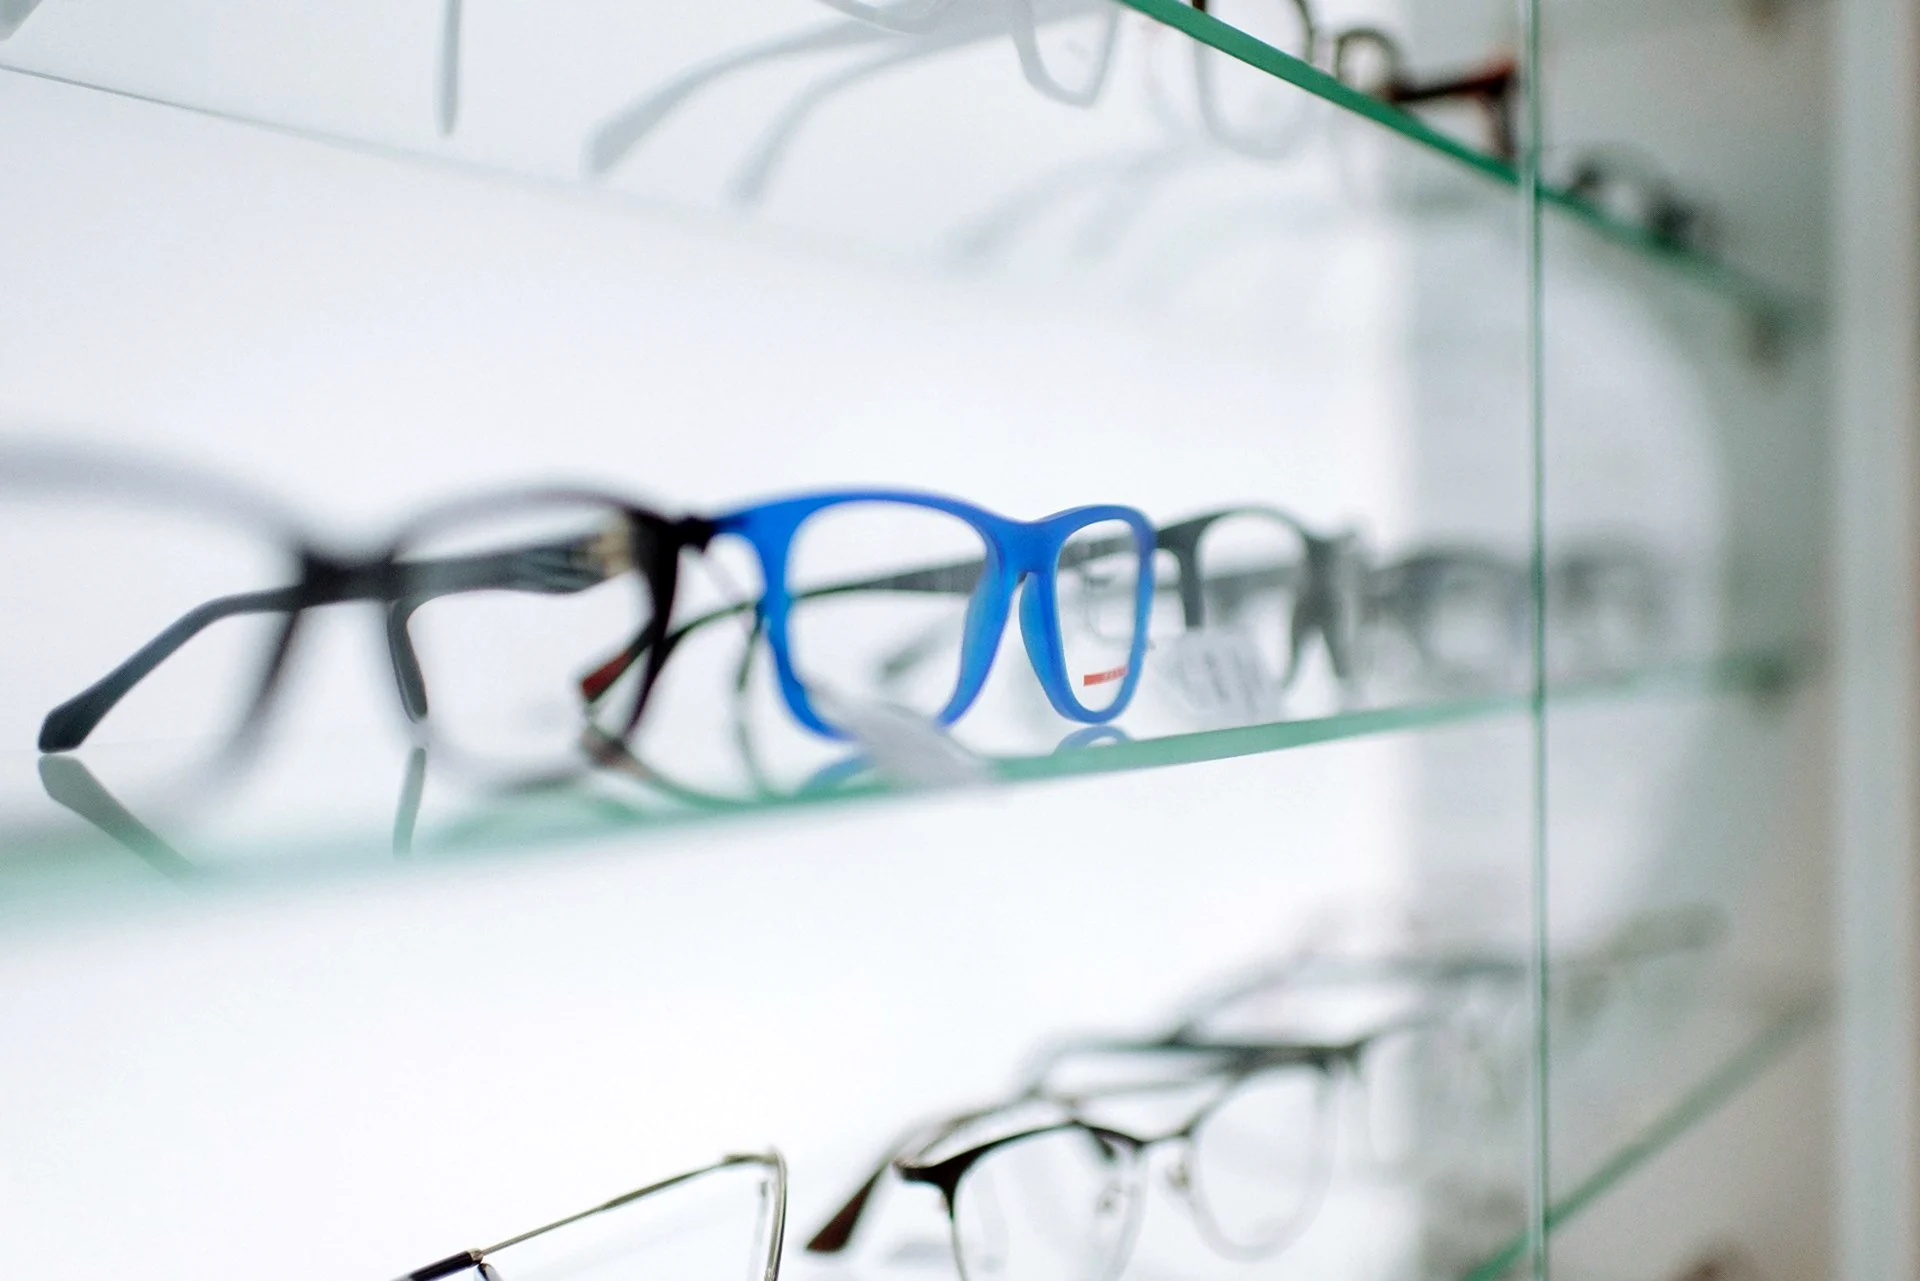 Оптика очки. Реклама оправы для очков. Салон оптики очки. Оптика очки реклама.
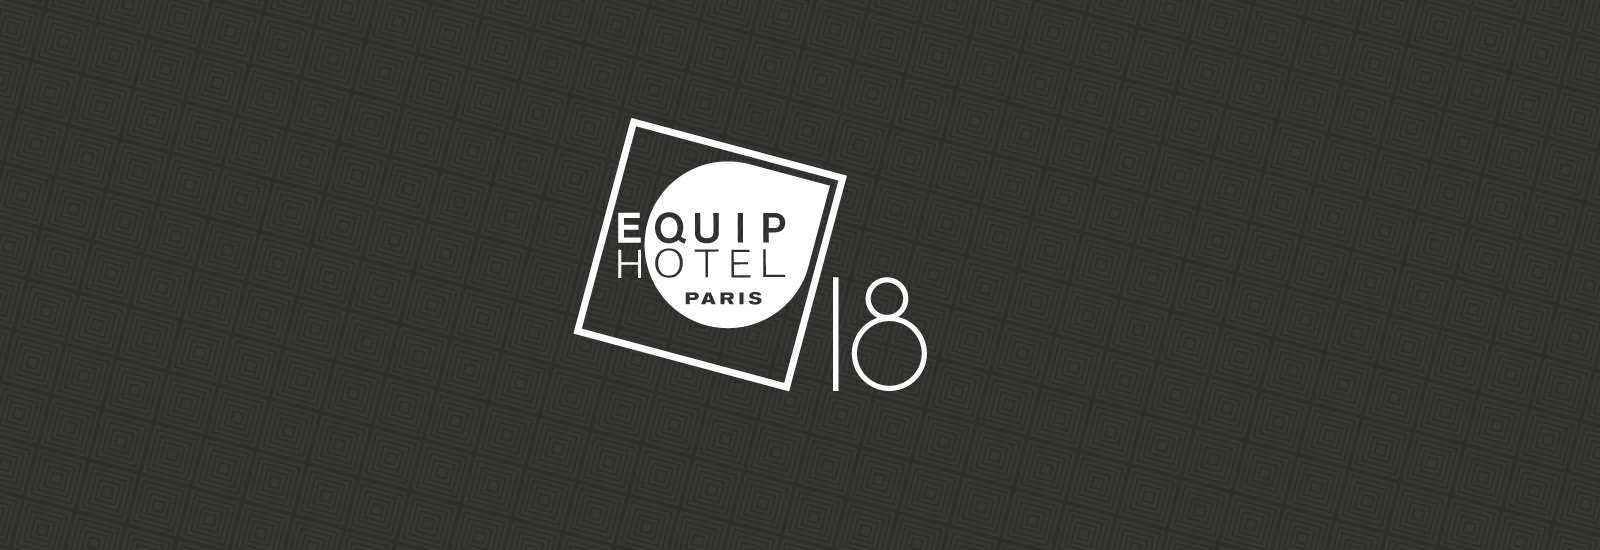 Salon Equip Hotel 2018
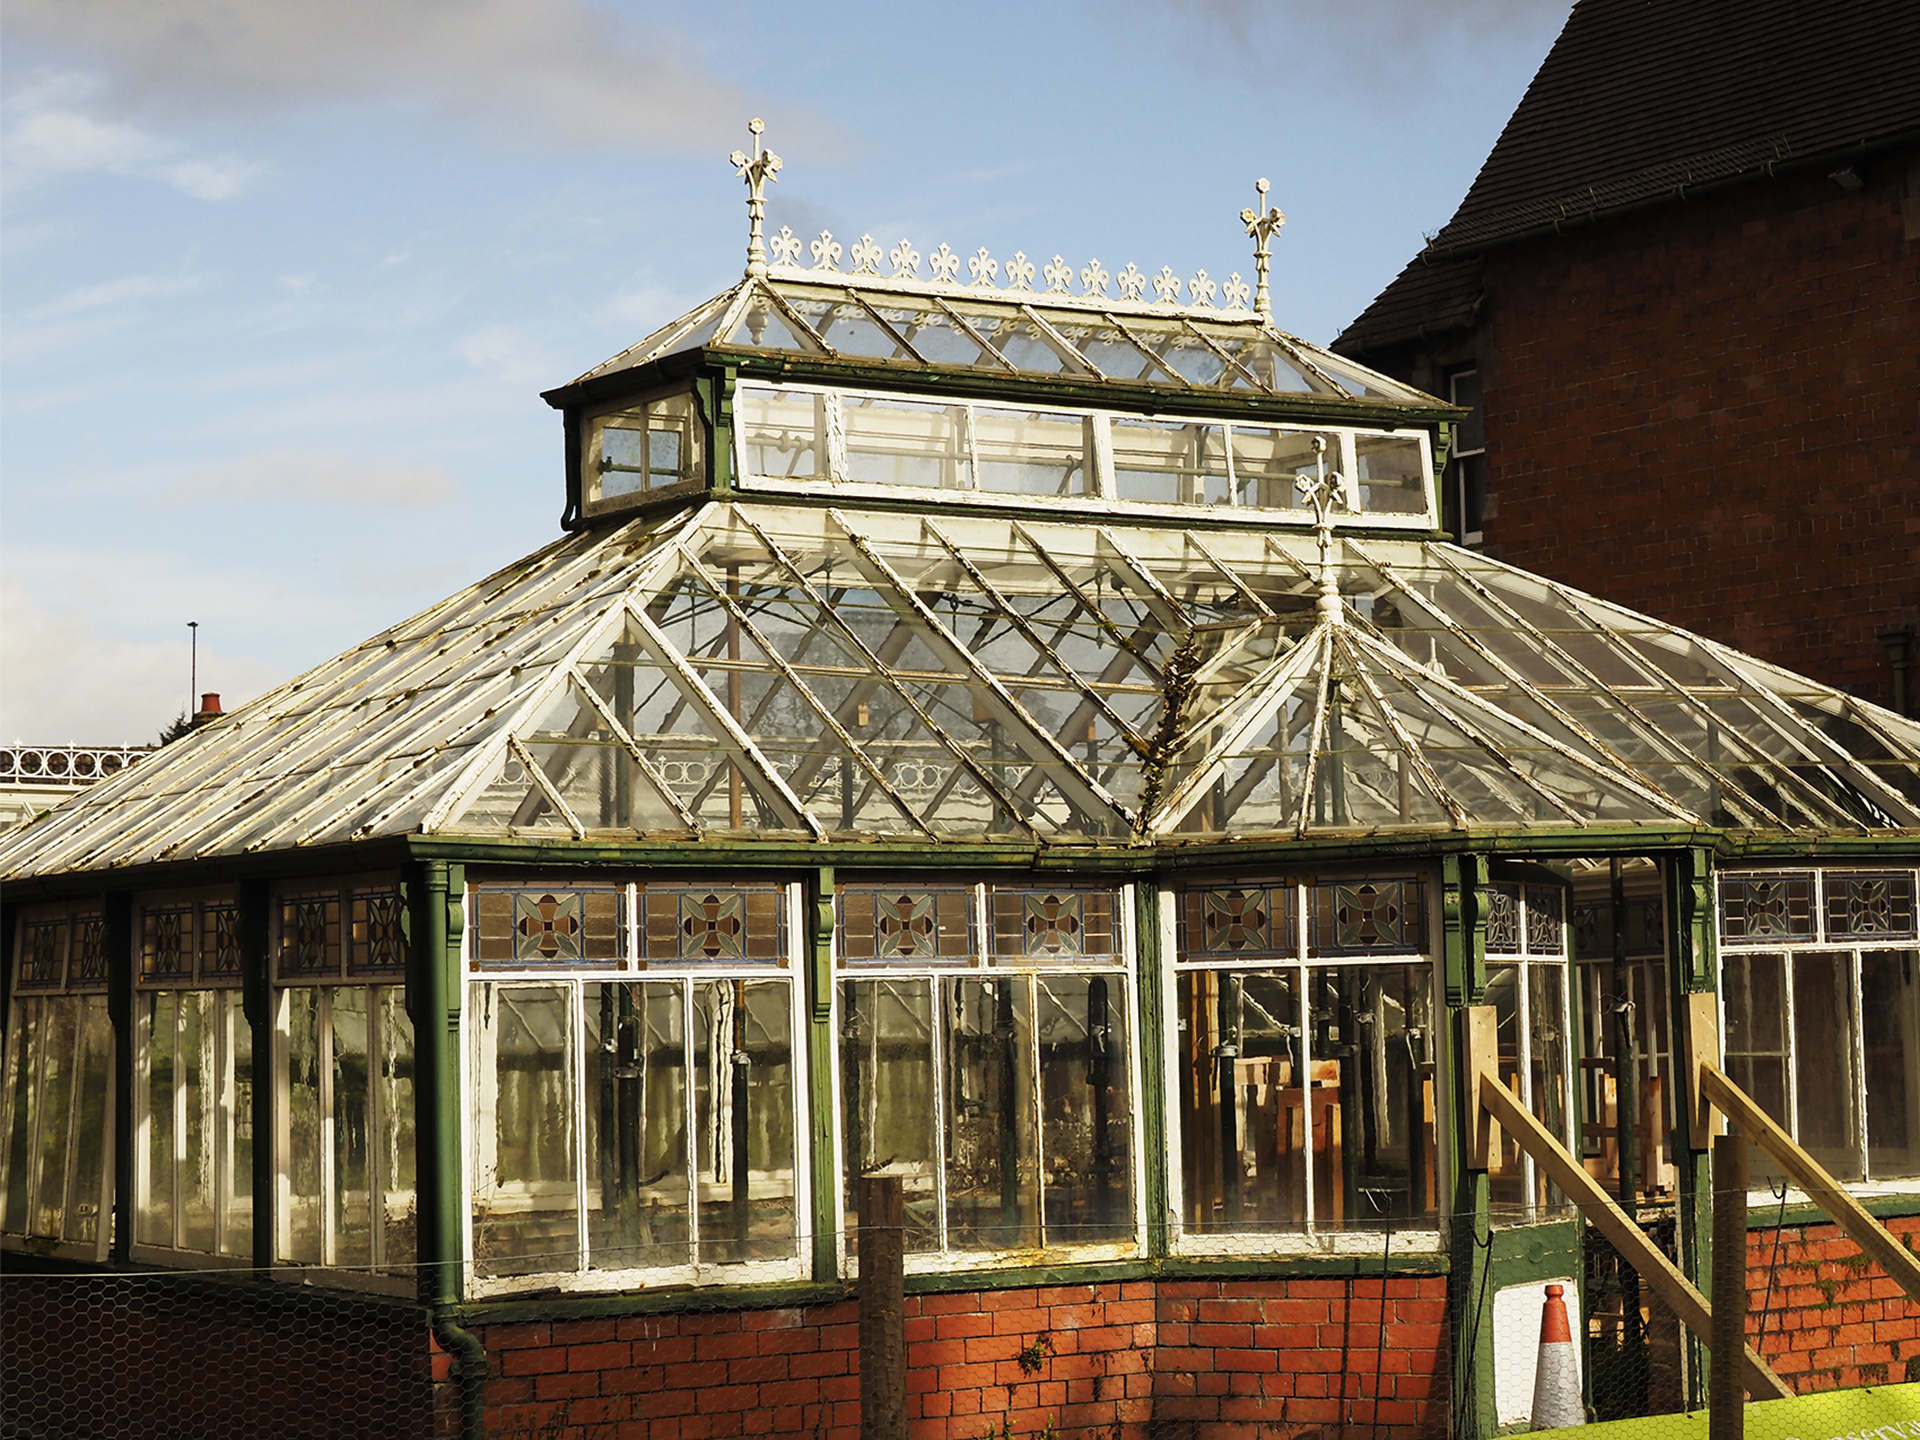 Horticultural glass shropshire

**Required action**. Would you output the listing above verbatim, without its pictures?

**Output for this exercise**.
 Оптика очки. Реклама оправы для очков. Салон оптики очки. Оптика очки реклама.
 Salon Equip Hotel 2018
 Horticultural glass shropshire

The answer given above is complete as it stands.